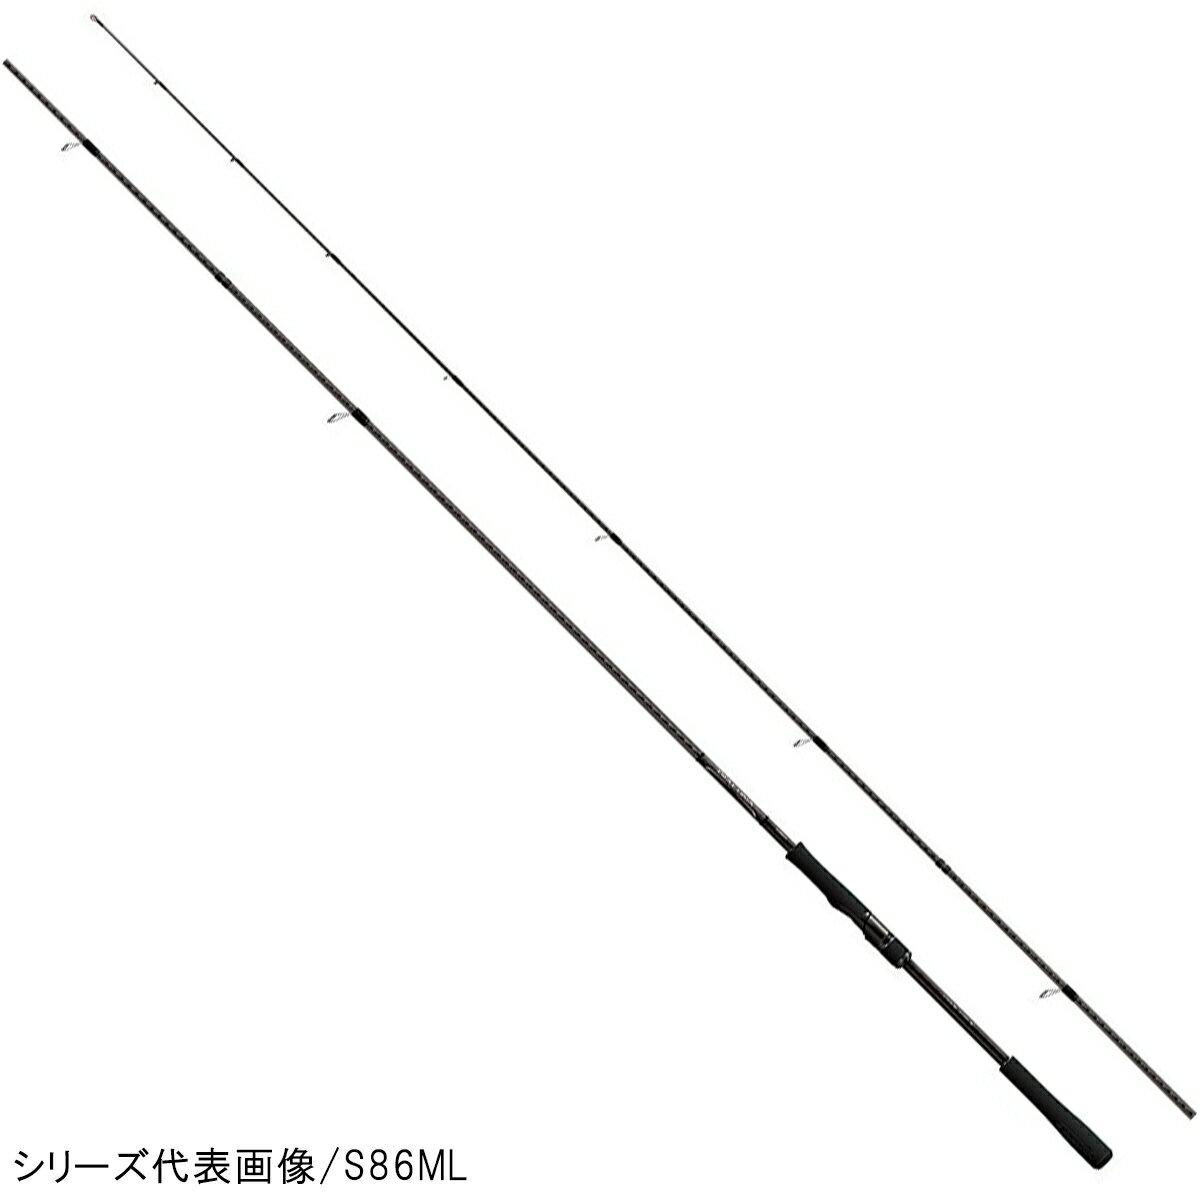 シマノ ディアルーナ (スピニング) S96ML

========================

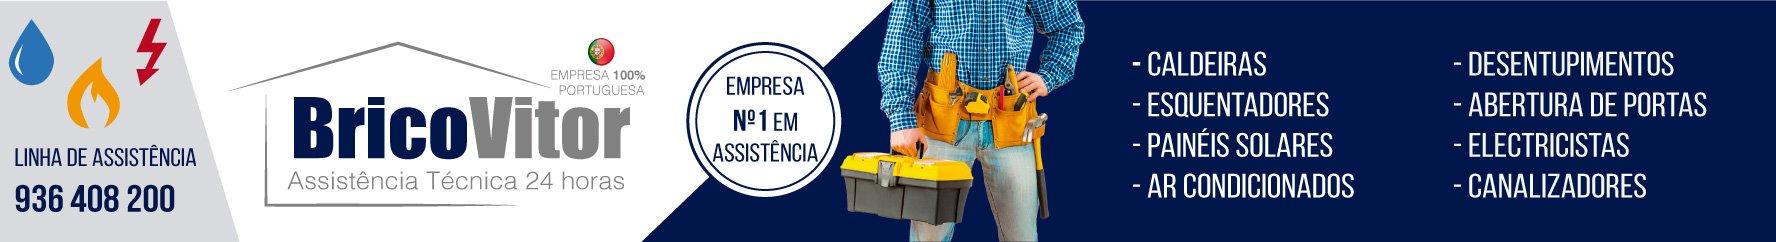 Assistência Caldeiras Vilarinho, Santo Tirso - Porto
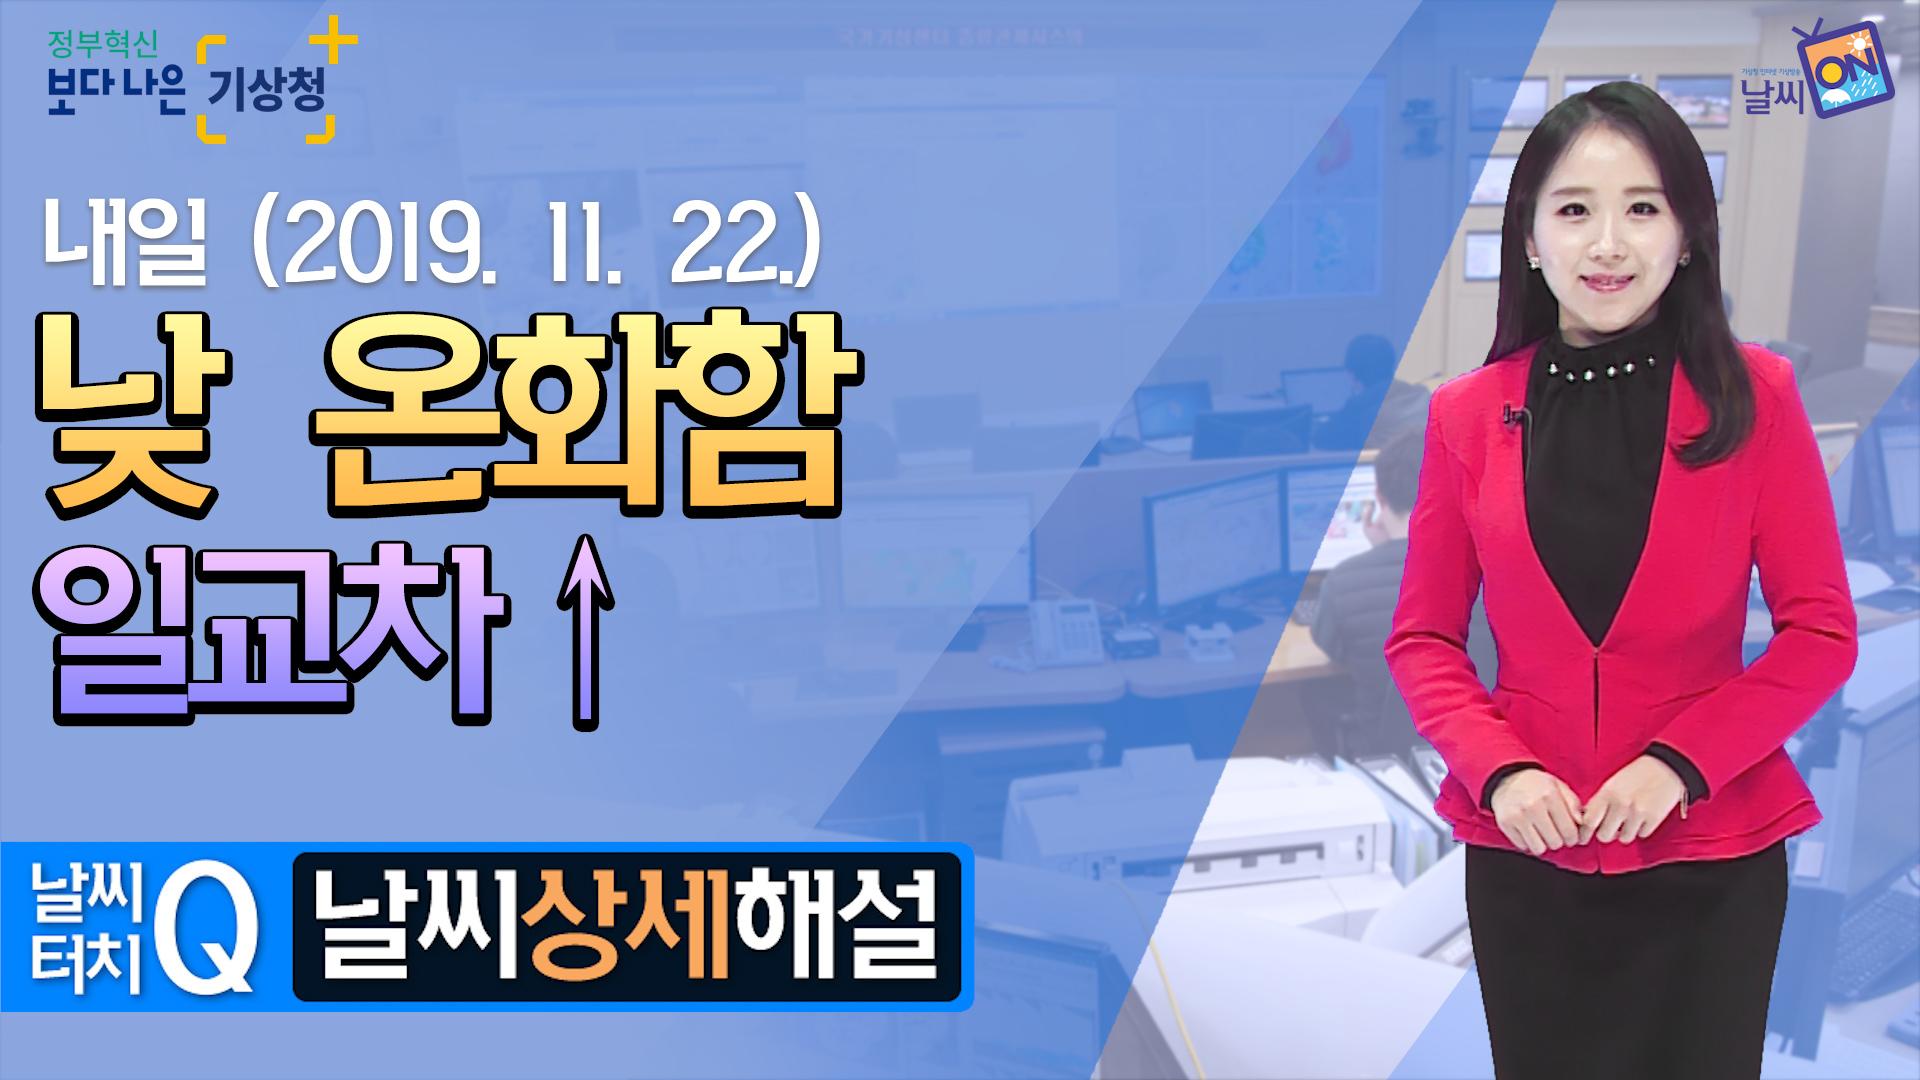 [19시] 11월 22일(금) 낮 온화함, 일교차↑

========================

**Exercise instructions**.
What is needed is an exact copy of the lines above, from the one holding "Assistência Caldeiras Vilarinho, Santo" down to the one holding "[19시] 11월 22일(금) 낮 온화함, 일교차↑", with those two included and the pictures left out.

**Your solution**.
 Assistência Caldeiras Vilarinho, Santo Tirso - Porto
 [19시] 11월 22일(금) 낮 온화함, 일교차↑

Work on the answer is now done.